Вдруг всё резко оборвалось. Кровавую пелену прорезал яркий свет. Попробовал шевельнуться. Слух заполняют надрывные, сквозь рыдания крики лунарки. Ещё не понимая ничего, я встал на четвереньки и пополз в сторону голоса. Сзади что-то шипит, свистит, плюётся, словно паровой чан с недотянутыми болтами.
Расплывчато увидел Анну — держит что-то яркое в руке.
— Вставай Ворк, ну вставай же!.. — кричит она.
Ноги едва держат, трясутся и грозят подогнутся. Опираясь о стену, с трудом вышел на освещённый участок. Солнце тёплое, сильное, его лучи тут же облегчили самочувствие.
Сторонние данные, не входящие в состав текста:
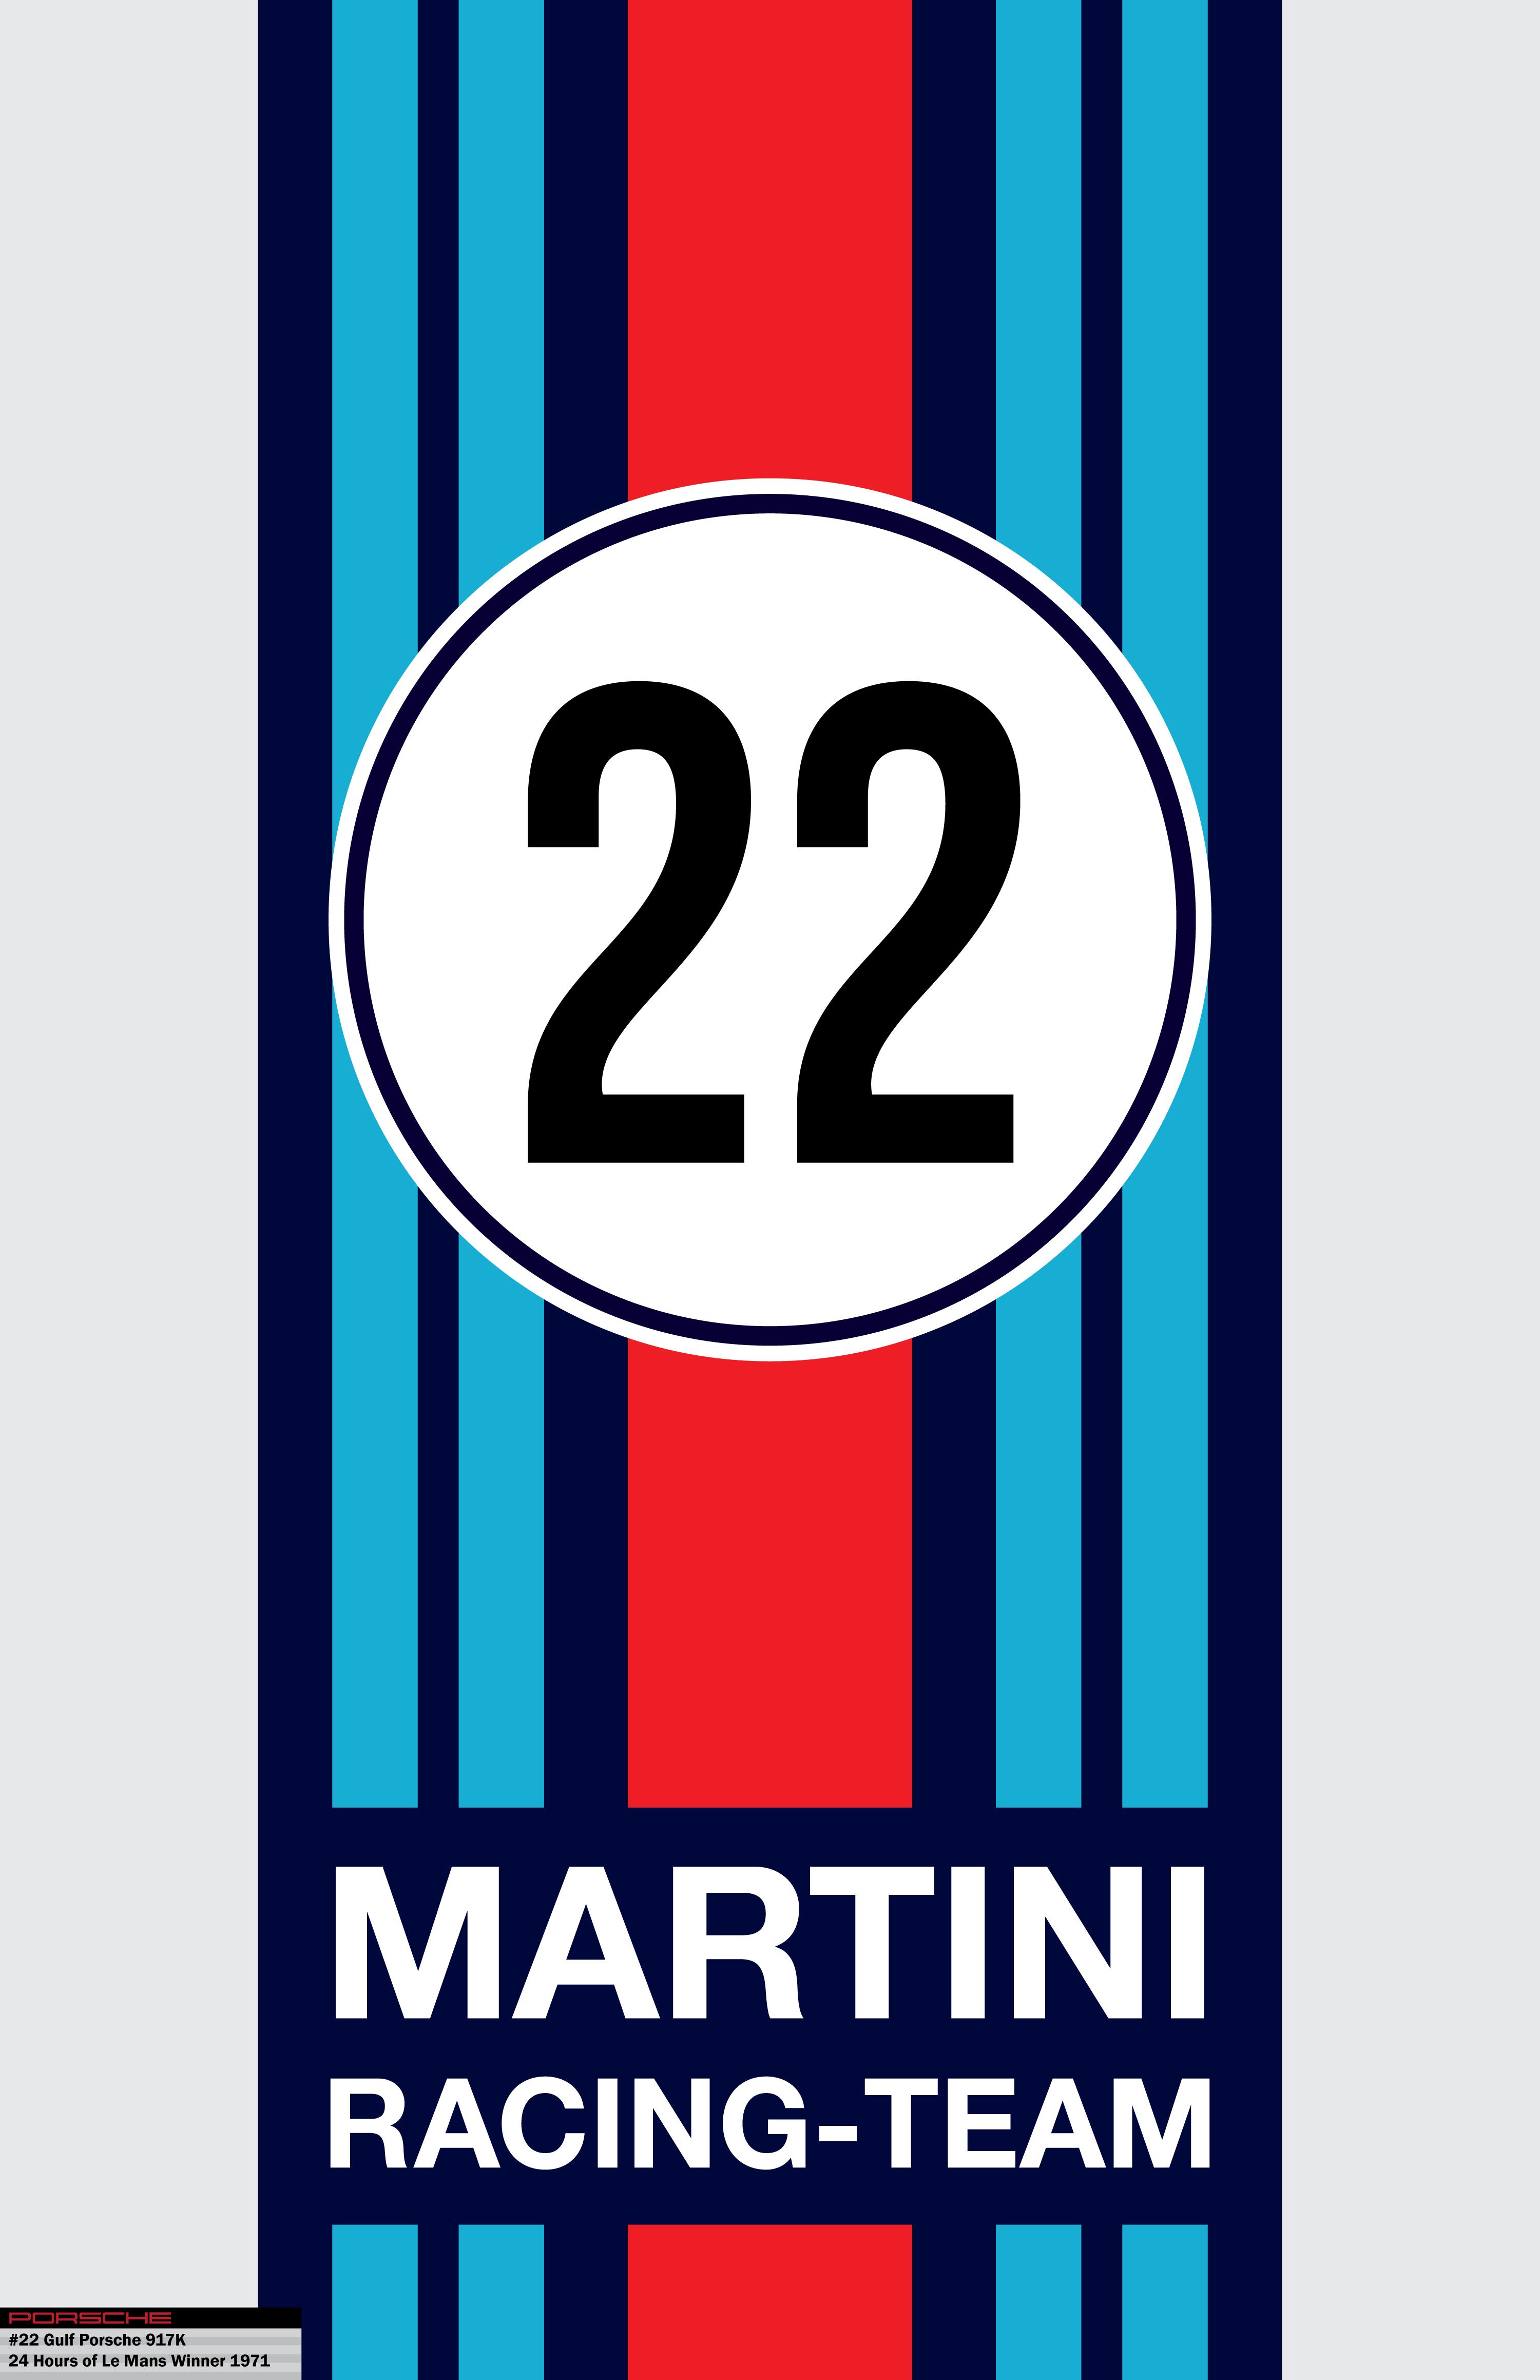 Martini Png 3000 4636 Martini Racing Martini Racing Posters Martini

Я проморгался и уже уверенней сделал шаг на встречу лунарке, бросившейся обнимать, но в последний момент остановившейся. С осторожностью, она заключила в объятья, а я сомкнул руки у неё за спиной. Хочется рыдать, но эмоционально я просто истощён. Пламя жизни едва не потухло и лишь чудо — помощь Анны, смогло уберечь его.
— Как ты, Воркушка?.. Всё хорошо?.. — начала спрашивать она, отстранившись и взяв моё лицо в ладони. — Где-нибудь болит? У тебя глаза такие… почти мёртвые.
— Я… я в порядке. Не стоит переживать.
— Как же не стоит, у меня сердце чуть не разорвалось — до сих пор болит. Ты… там… такое!
Она разрыдалась, и я постарался прижать девушку к груди. Очень тяжело даются шаги сочувствия. Хочу, прямо-таки рвусь поддержать Анну, только не могу.
— Так, — вновь отстранилась она и похлопала себя по щекам, — нам нужно решить, что дальше. Разревелась тут…
Я огляделся — тот самый циклопический зал. Он похож на большую шахту, по периметру окружённую несколькими уровнями выходов из тоннелей, соединённых в круглые балконы. Мы на верхнем и отсюда кузница видна во всей гигантской величине. В зал выходит множество световых шахт, рассеивающих дневной свет так, словно не под тоннами камня, а под голубым небом.
Я начал уверенней возвращаться к жизни. Мысли вгрызлись в назревшую проблему ценой уже не в мою, а все три жизни. Ужас не дал уйти спутникам и сейчас его сдерживает только мощь Первозданного Огня — солнца. Стоит дню закончится, как он кинется на нас. Единственное место, куда, как мне кажется, ему нет хода — Кузница Ора. Во всяком случае шансы на спасение есть только там. Надеюсь, что недавнее видение с ковкой меча, поможет нам решить проблему.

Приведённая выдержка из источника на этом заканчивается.